***** Materials provided

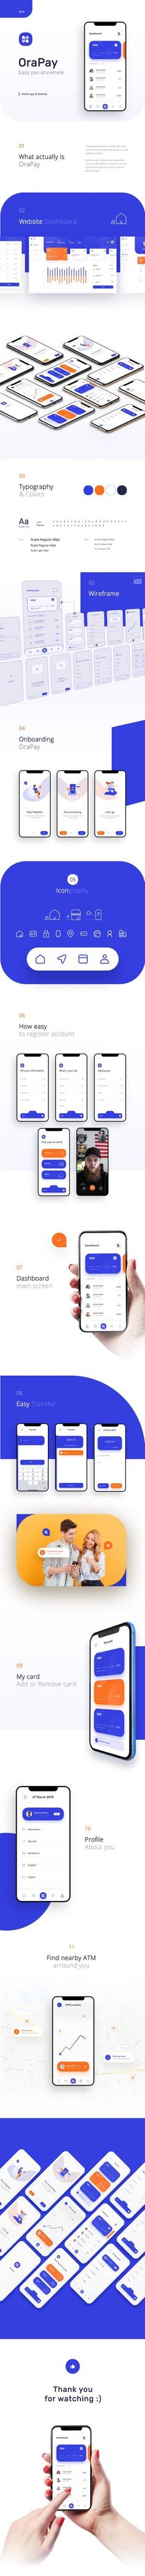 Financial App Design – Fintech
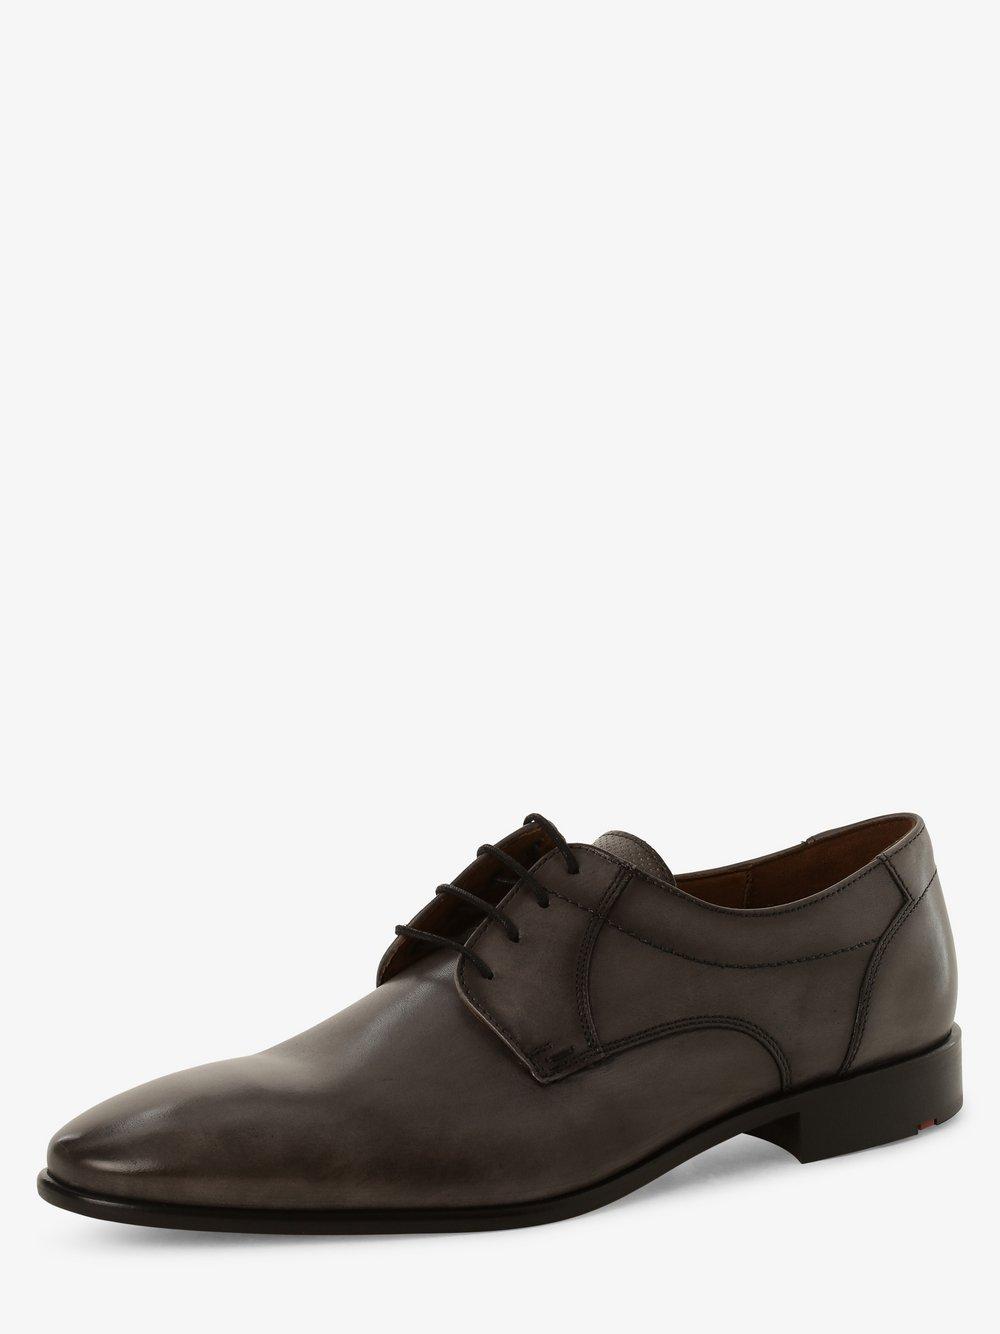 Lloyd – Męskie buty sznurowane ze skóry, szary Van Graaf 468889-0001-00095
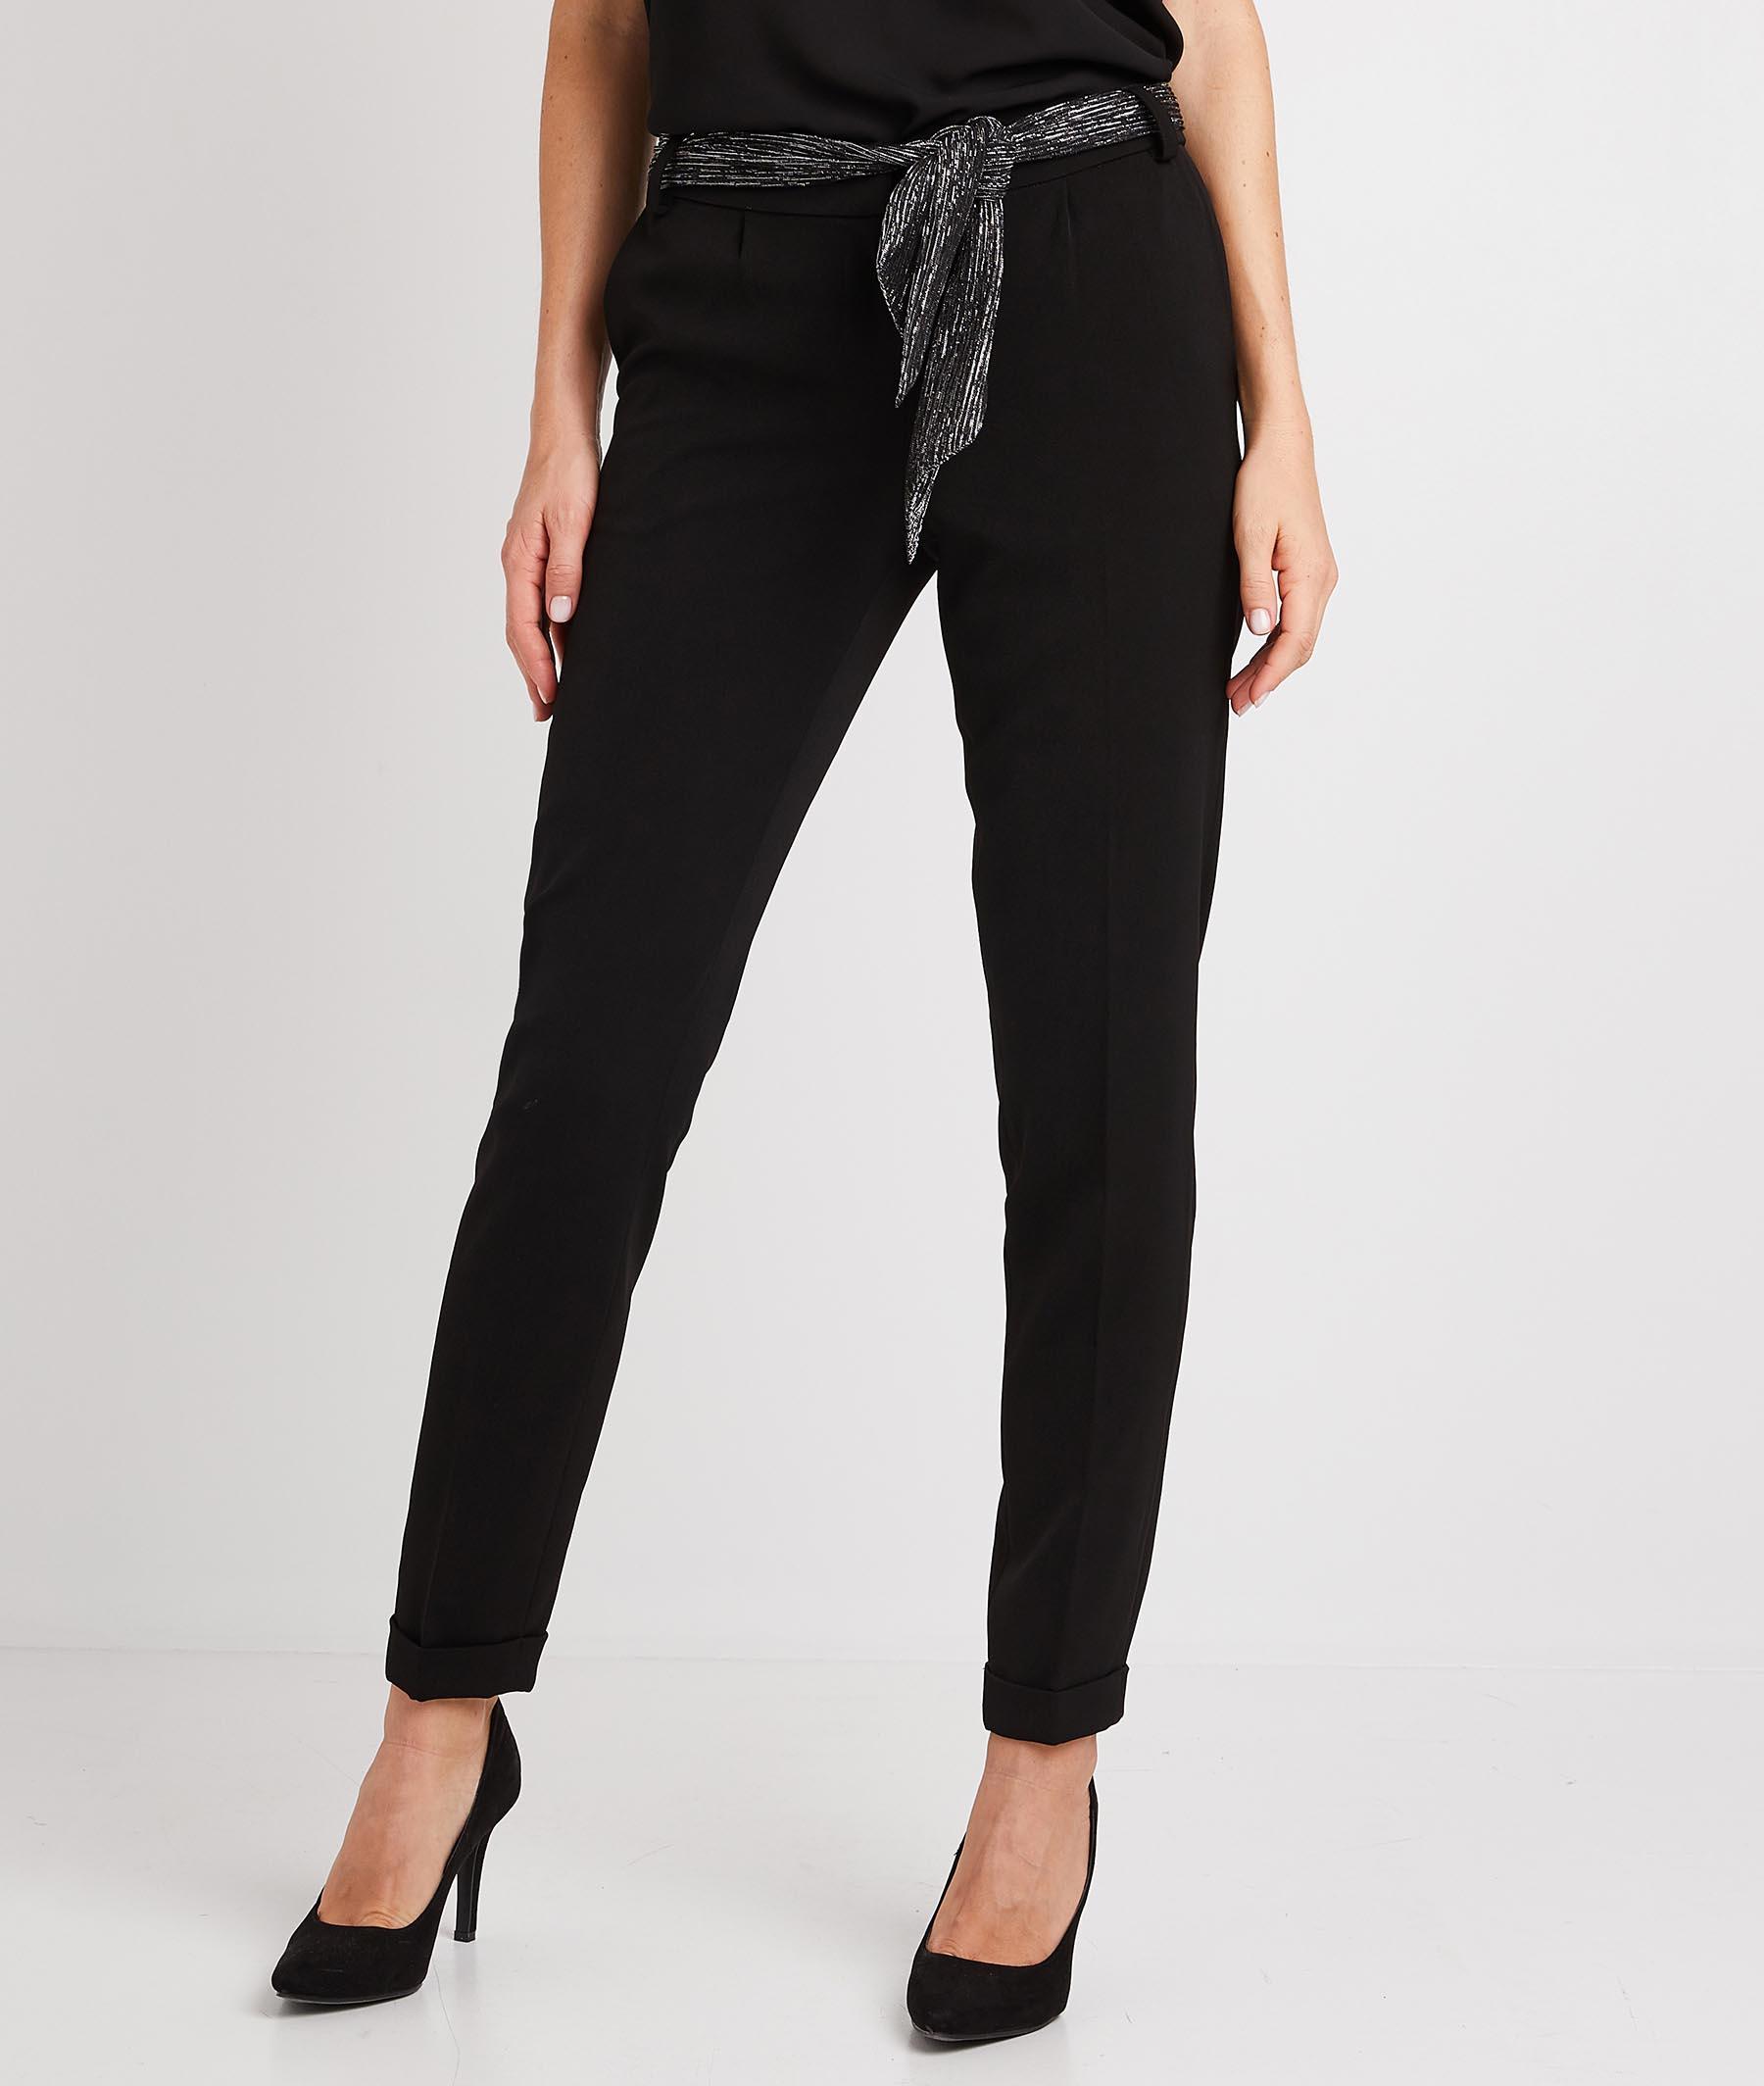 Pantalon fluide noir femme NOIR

**********
***** Materials provided

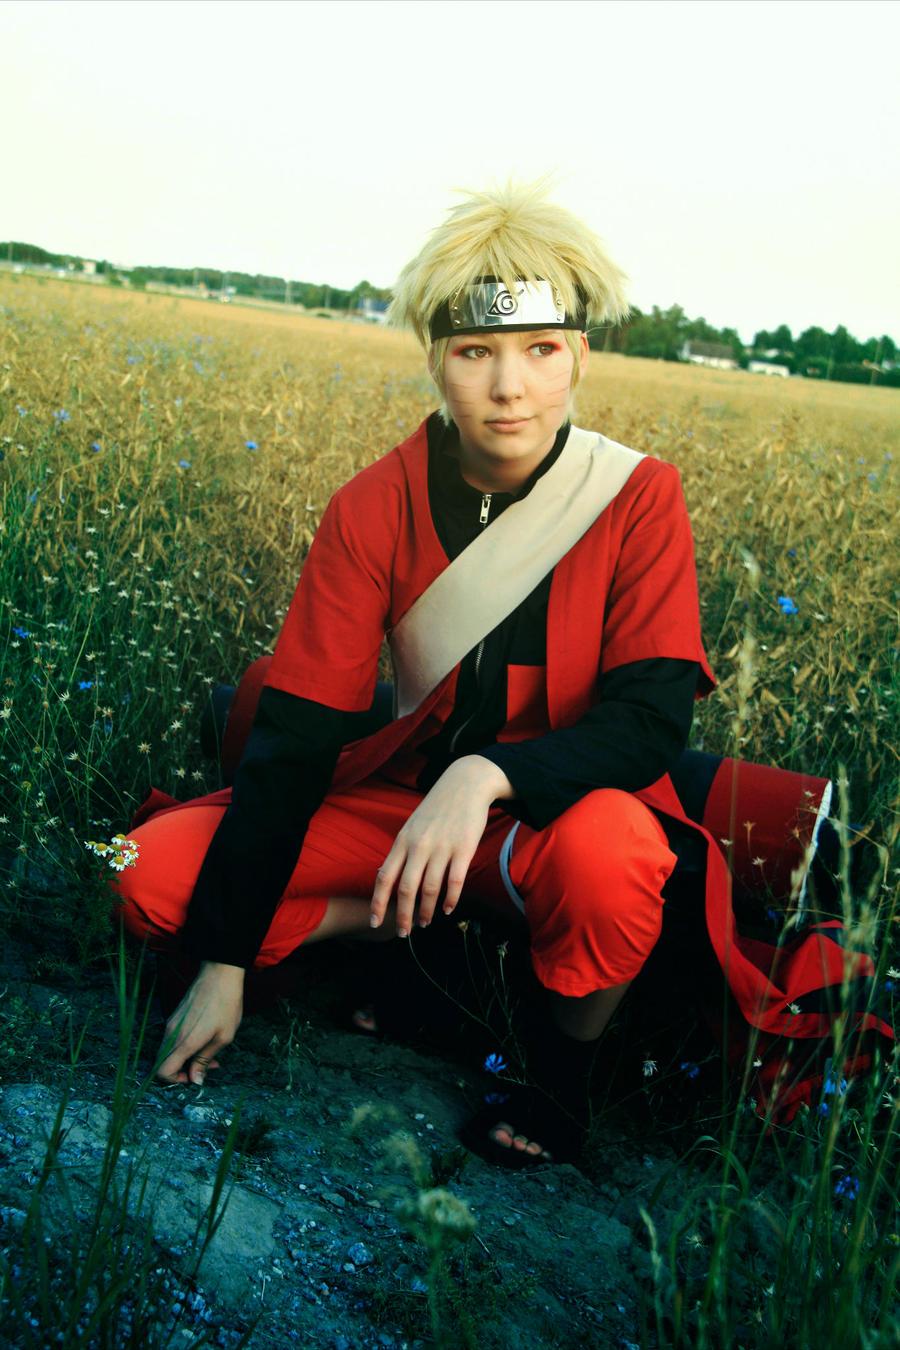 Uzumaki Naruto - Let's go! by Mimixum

**********
***** Materials provided

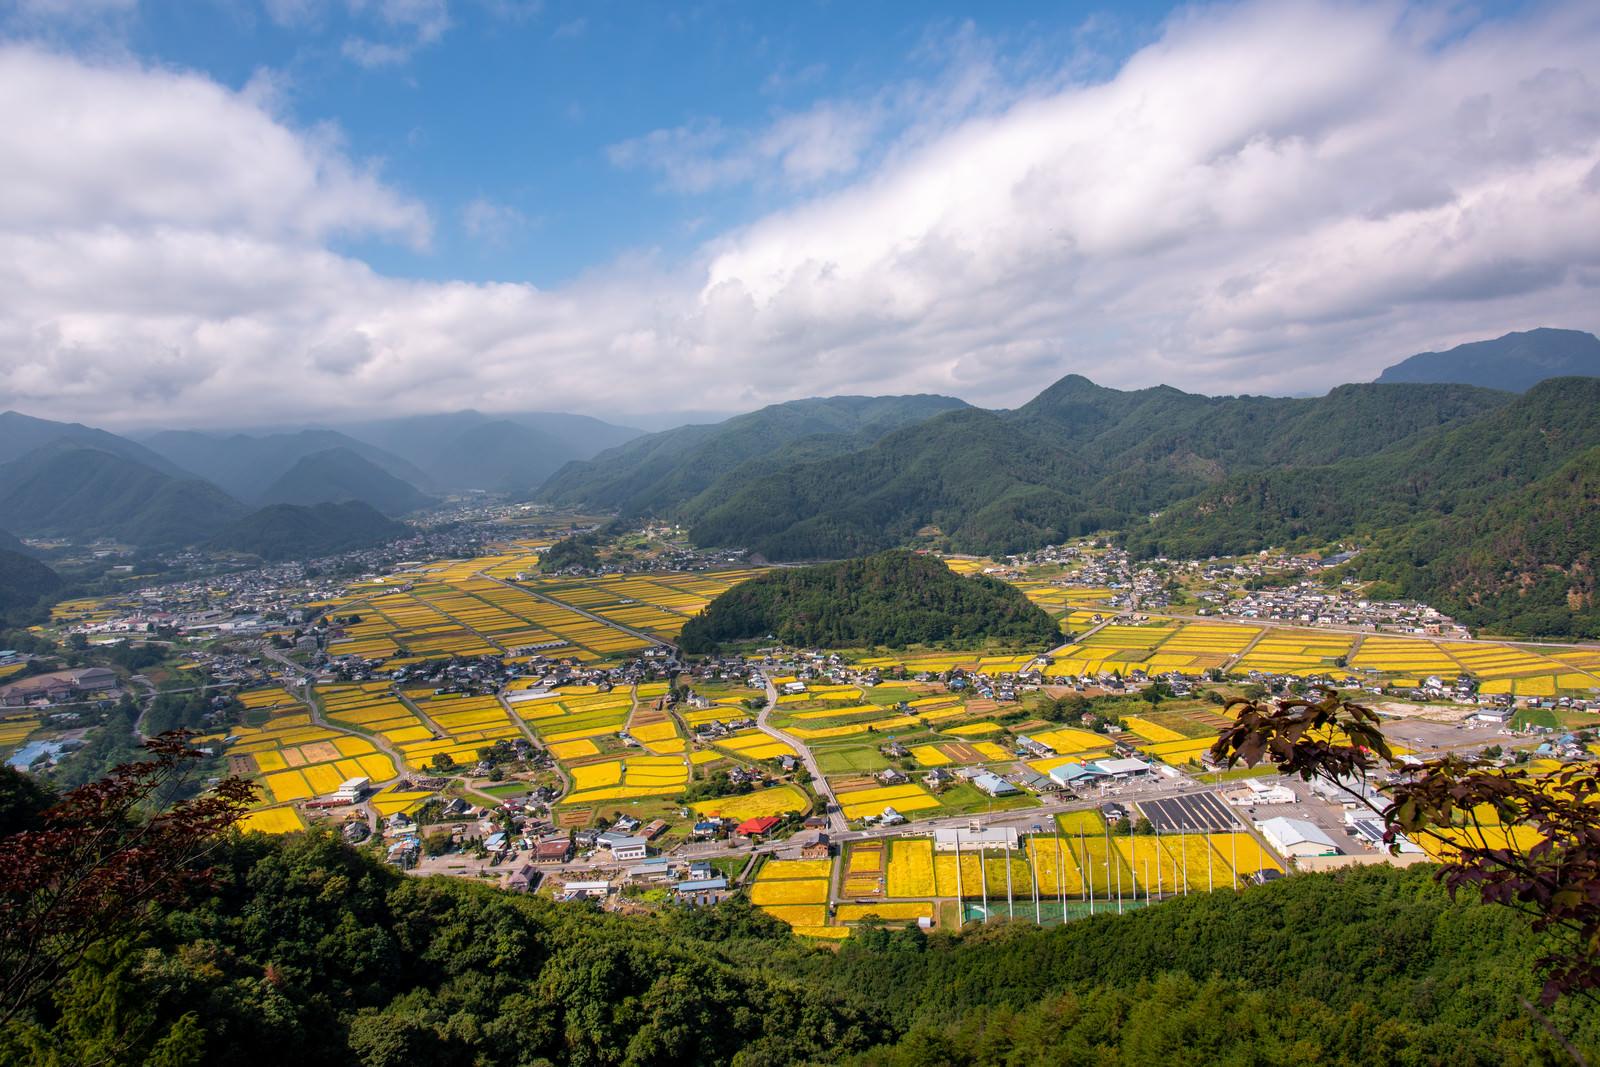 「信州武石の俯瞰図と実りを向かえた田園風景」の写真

**********

Exercise prompt:
Print nothing but the lines above starting with the line that contains "Financial App Design – Fintech" and going on through the line that contains "Pantalon fluide noir femme NOIR". Leave out the pictures.

Solution to this task:
 Financial App Design – Fintech
 Lloyd – Męskie buty sznurowane ze skóry, szary Van Graaf 468889-0001-00095
 Pantalon fluide noir femme NOIR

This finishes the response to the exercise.